◆ **WORK ITEM**
Repeat what the lines below say, word for word, and skip every image.

◆ **RECORDED INFORMATION**
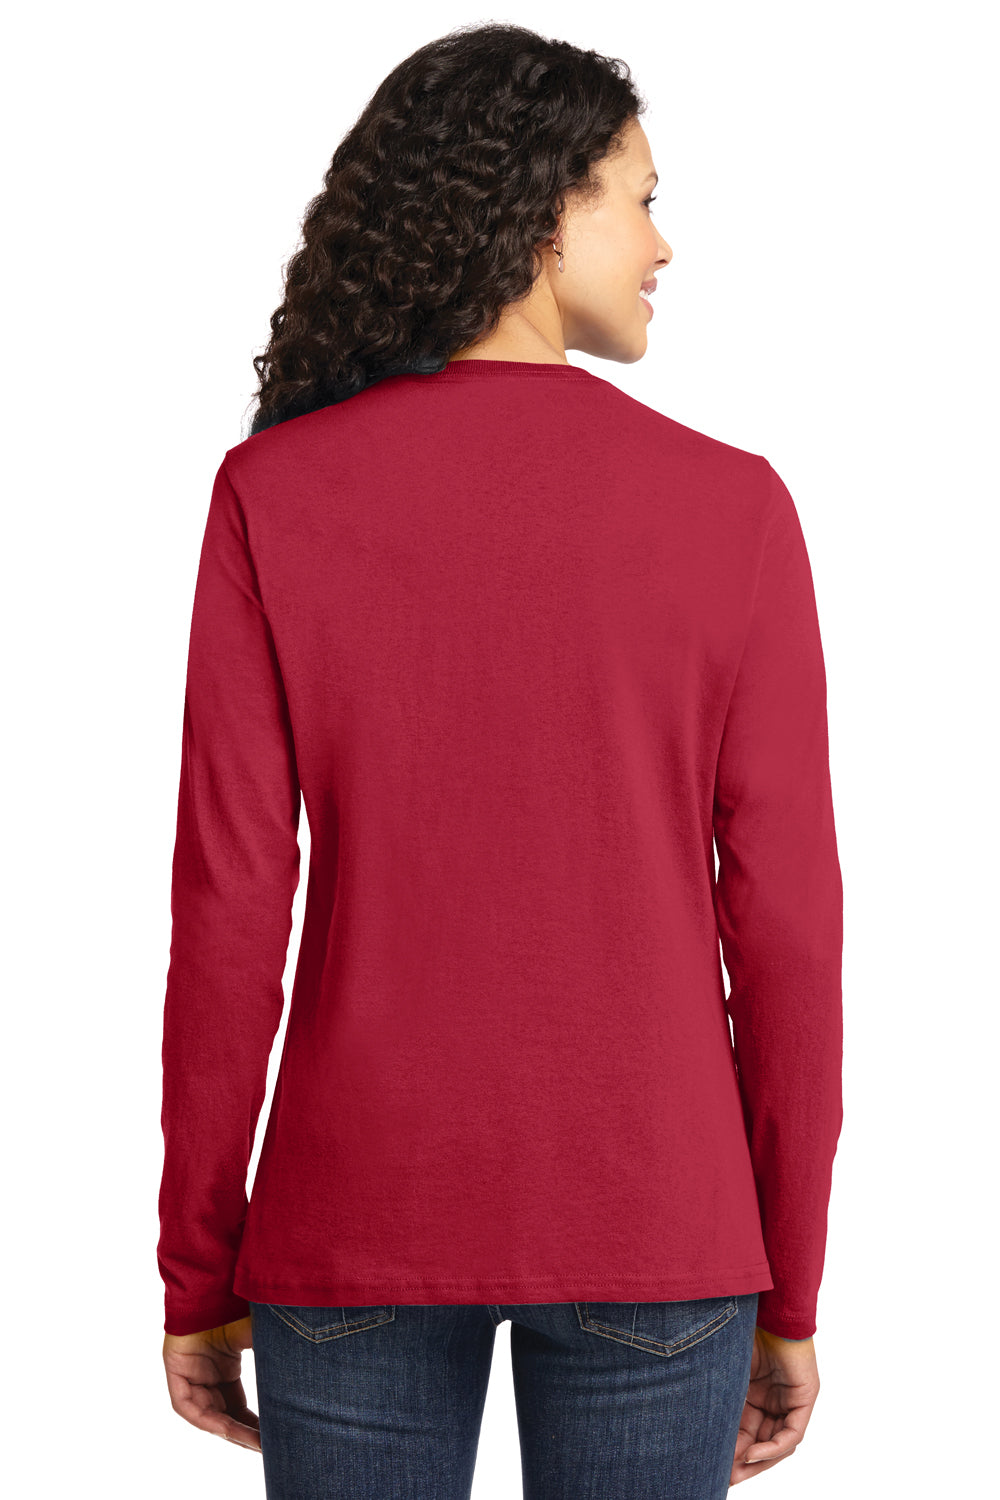 Port & Company LPC54LS Womens Core Long Sleeve Crewneck T-Shirt Red Back
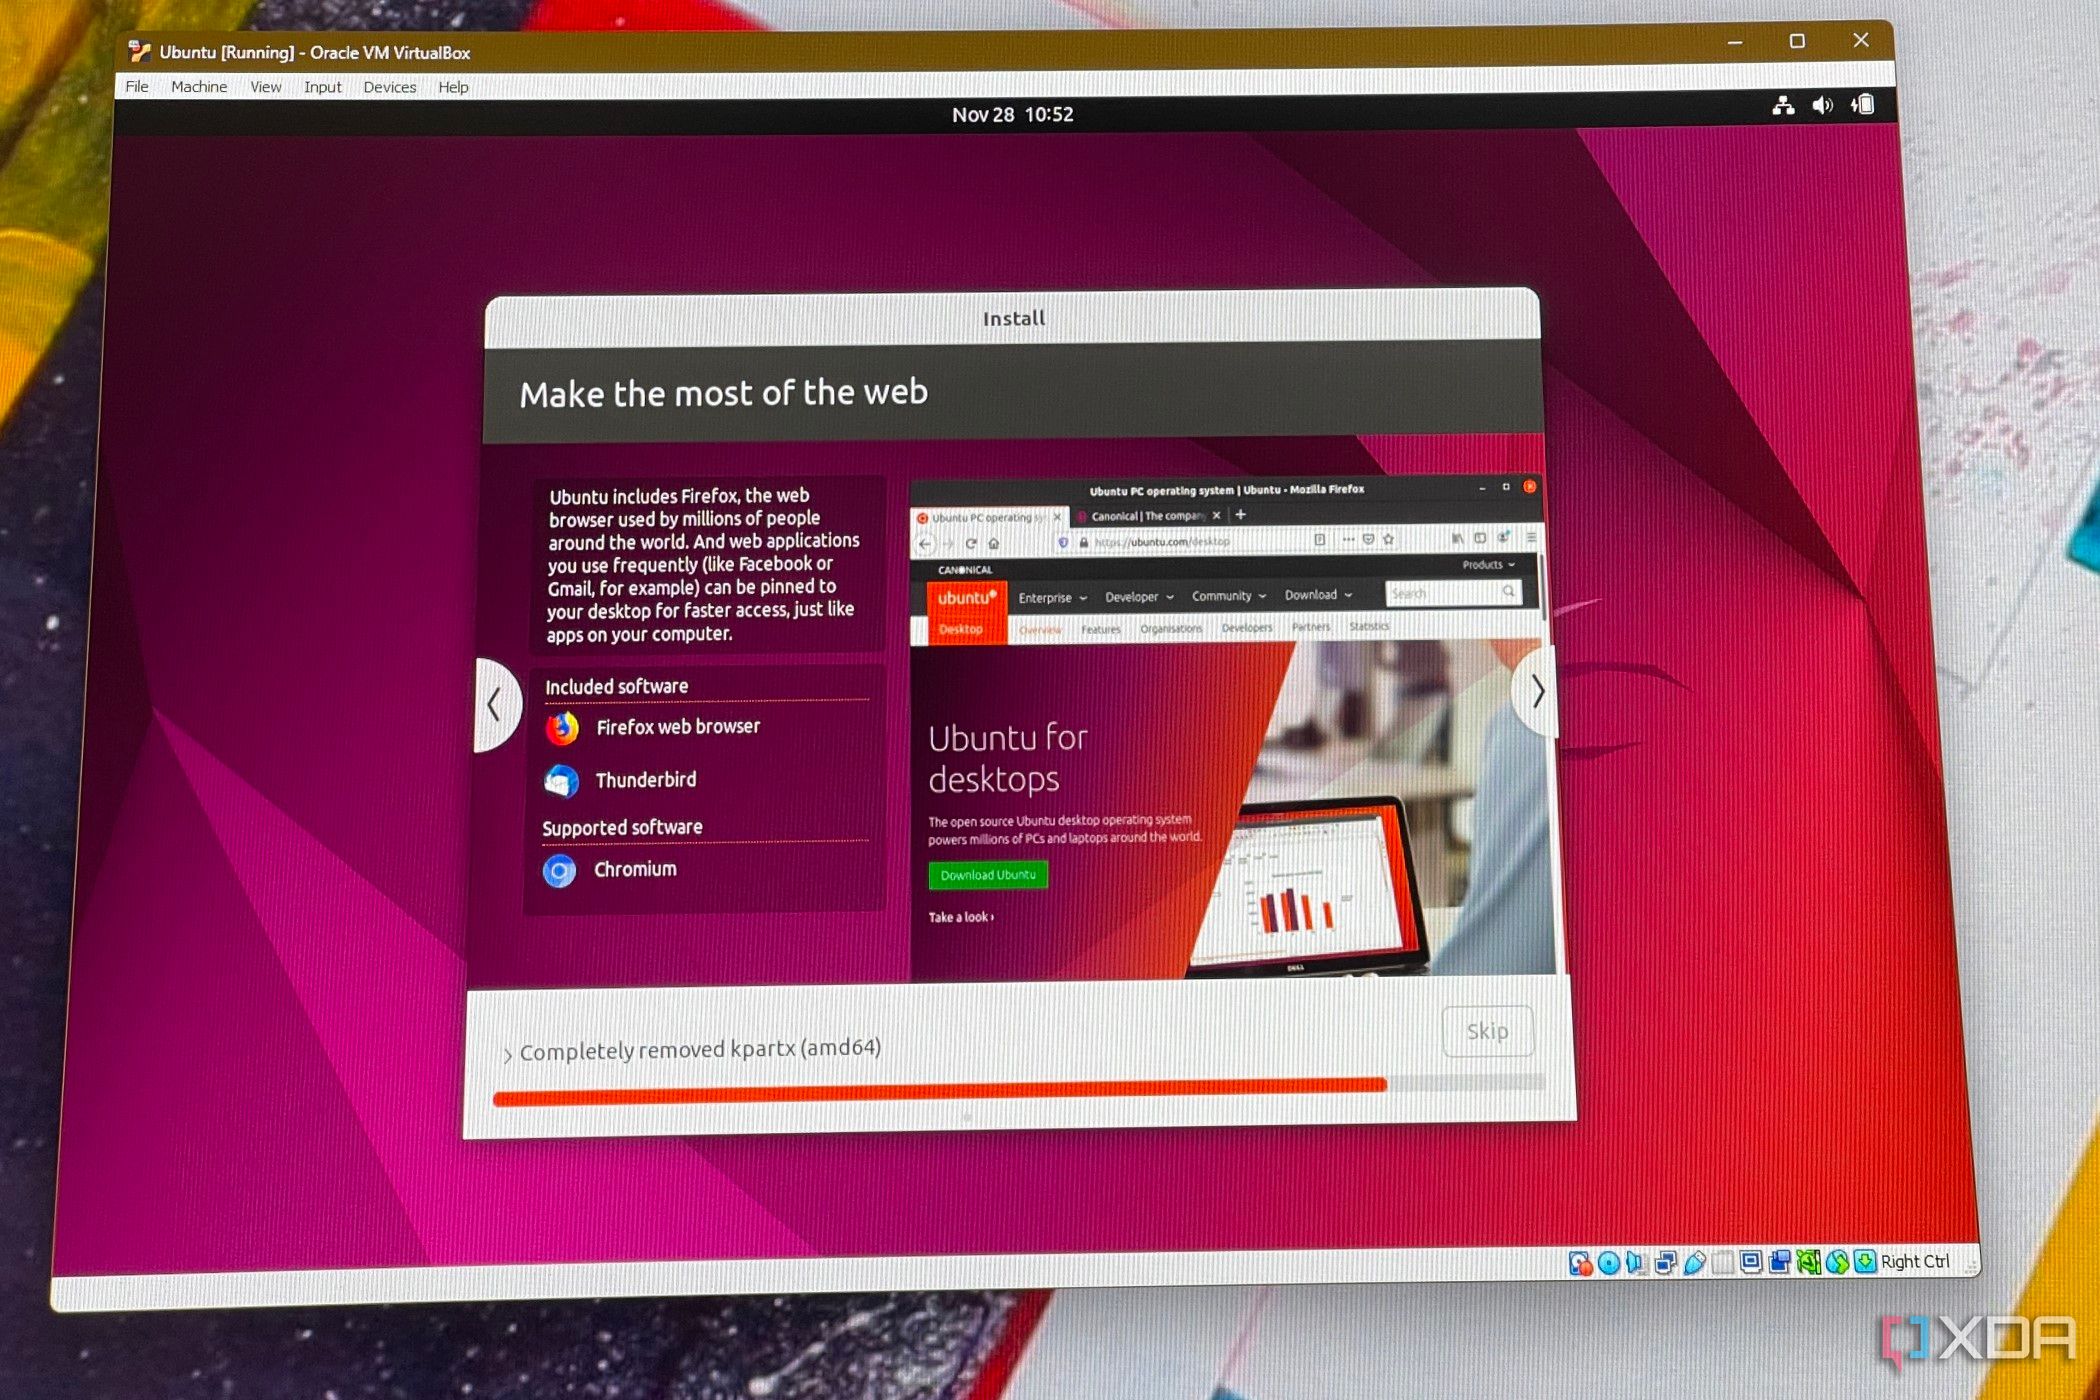 How to install Ubuntu in VirtualBox
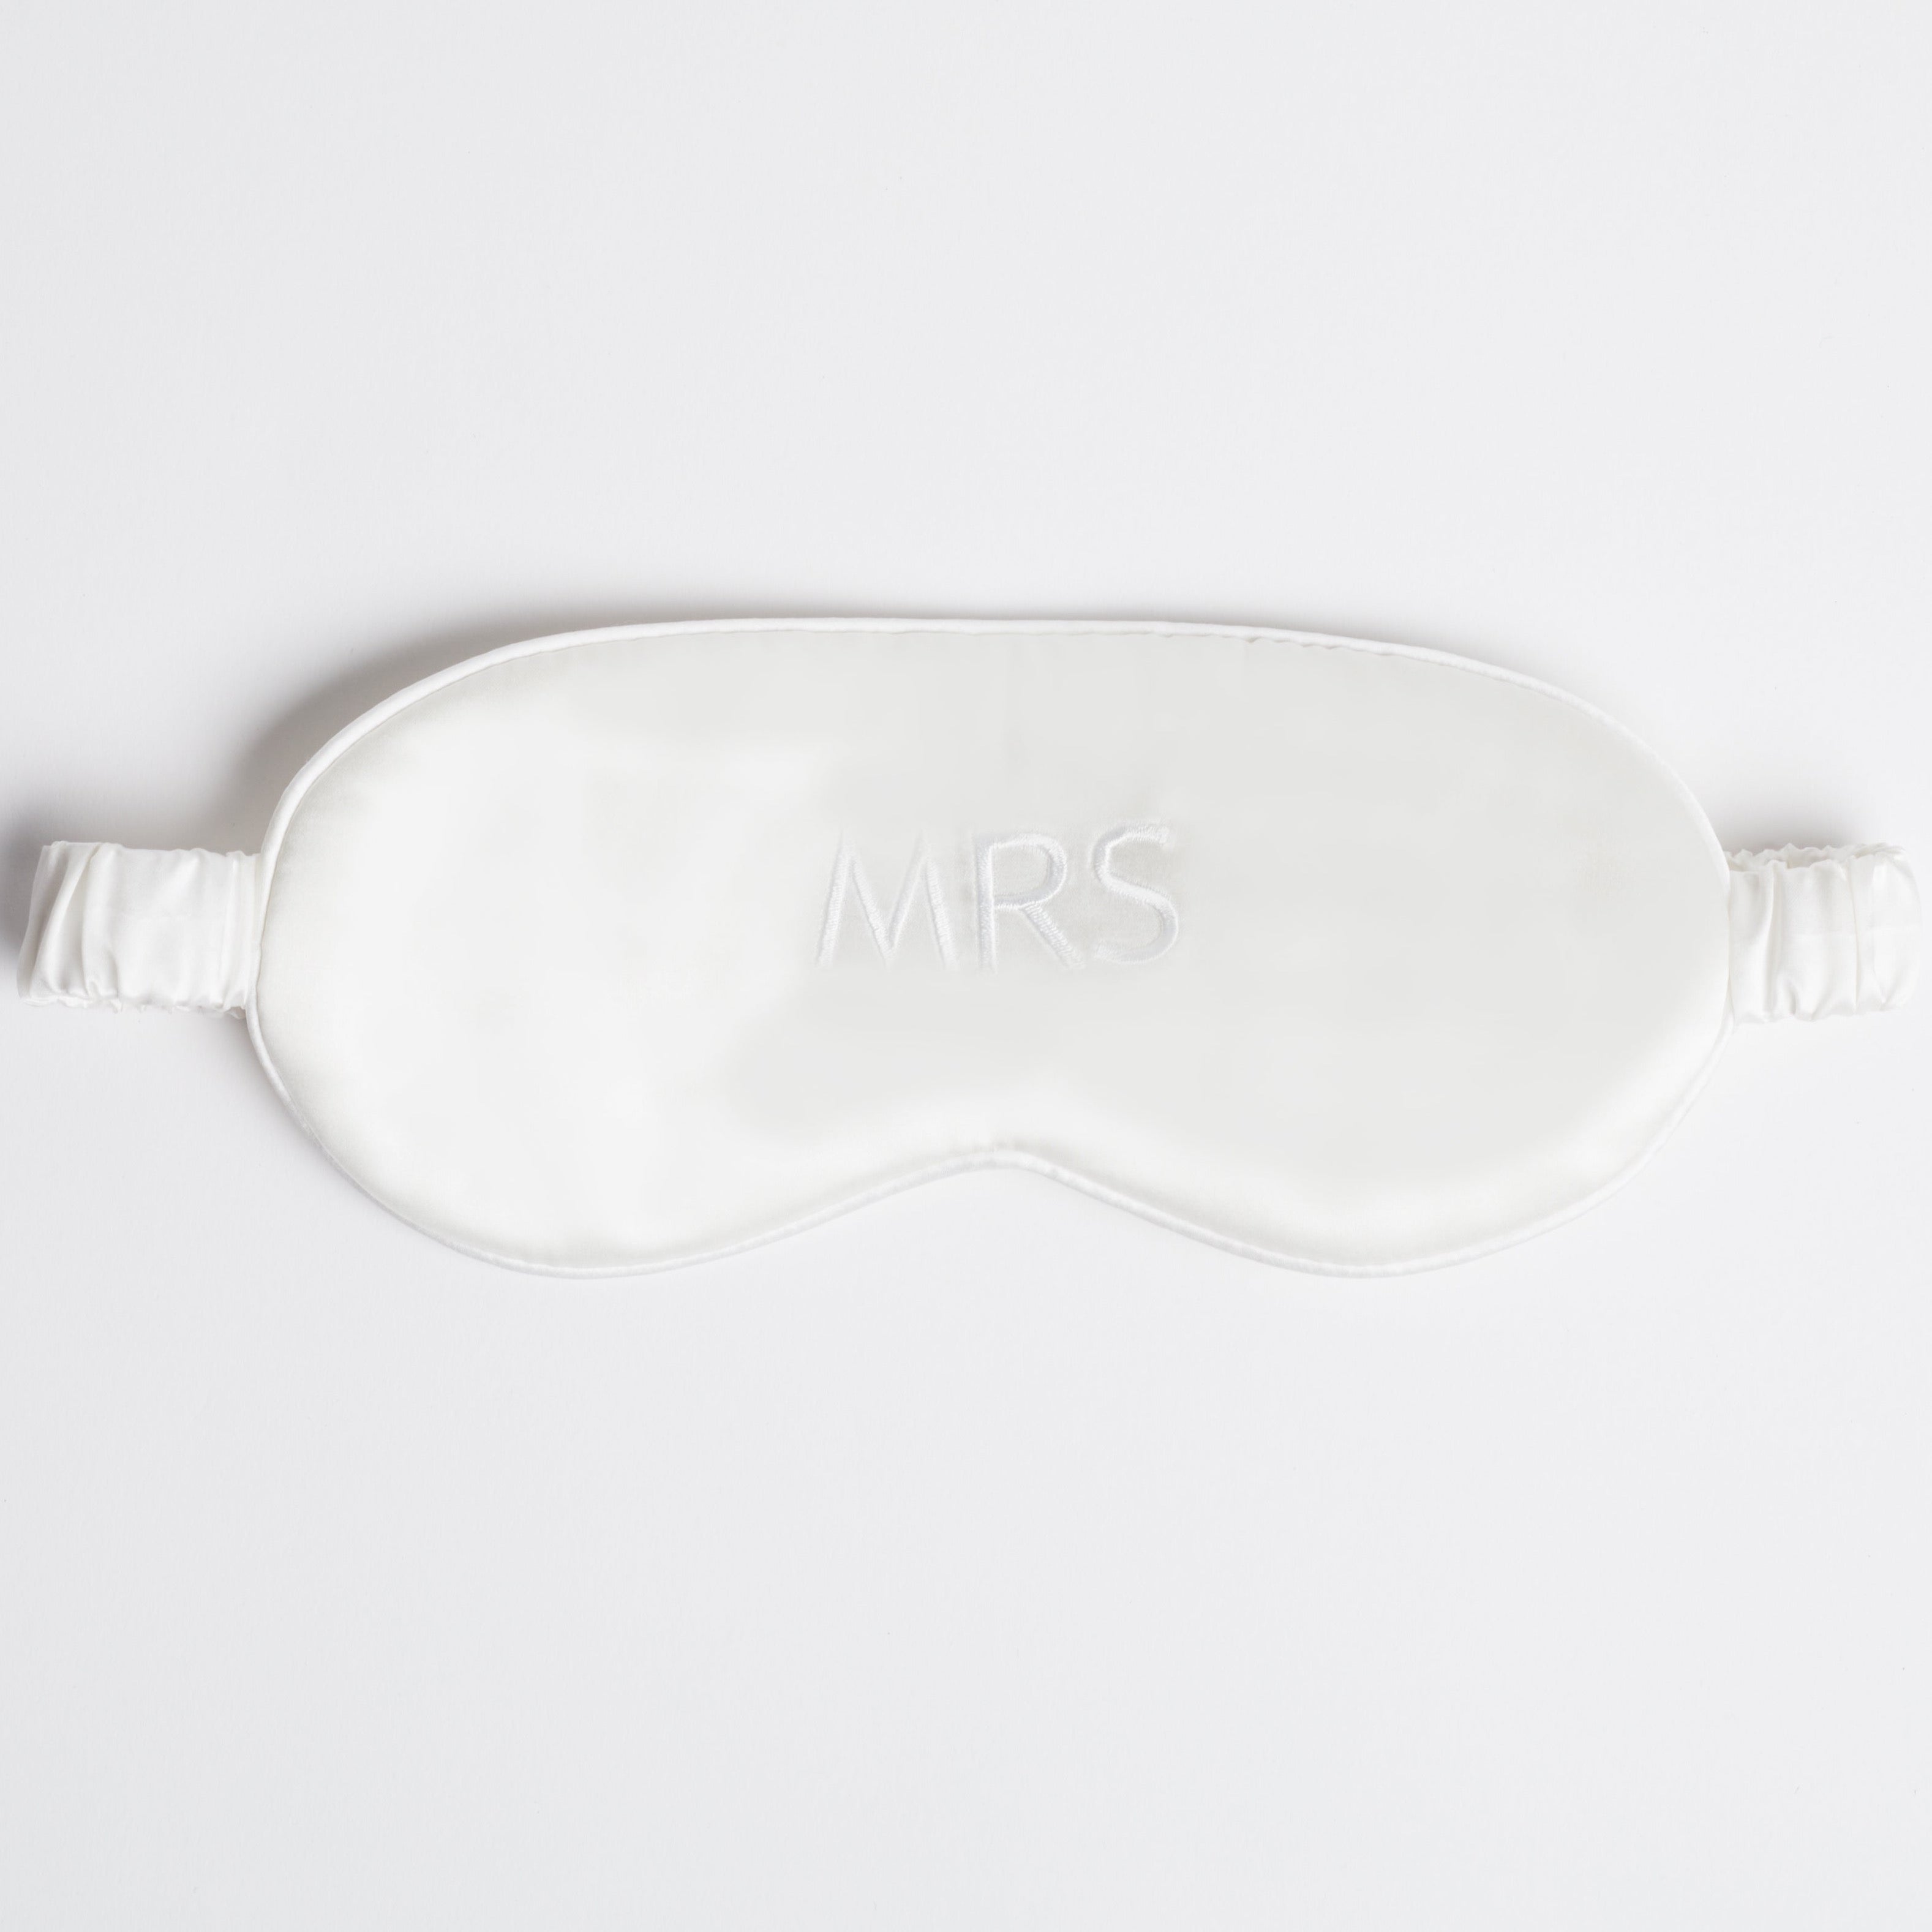 White silk eye mask with "MRS" written across it, lying on a white background.

◆ **SOLUTION TO THIS PROBLEM**
 Port & Company LPC54LS Womens Core Long Sleeve Crewneck T-Shirt Red Back
 How to install Ubuntu in VirtualBox
 White silk eye mask with "MRS" written across it, lying on a white background.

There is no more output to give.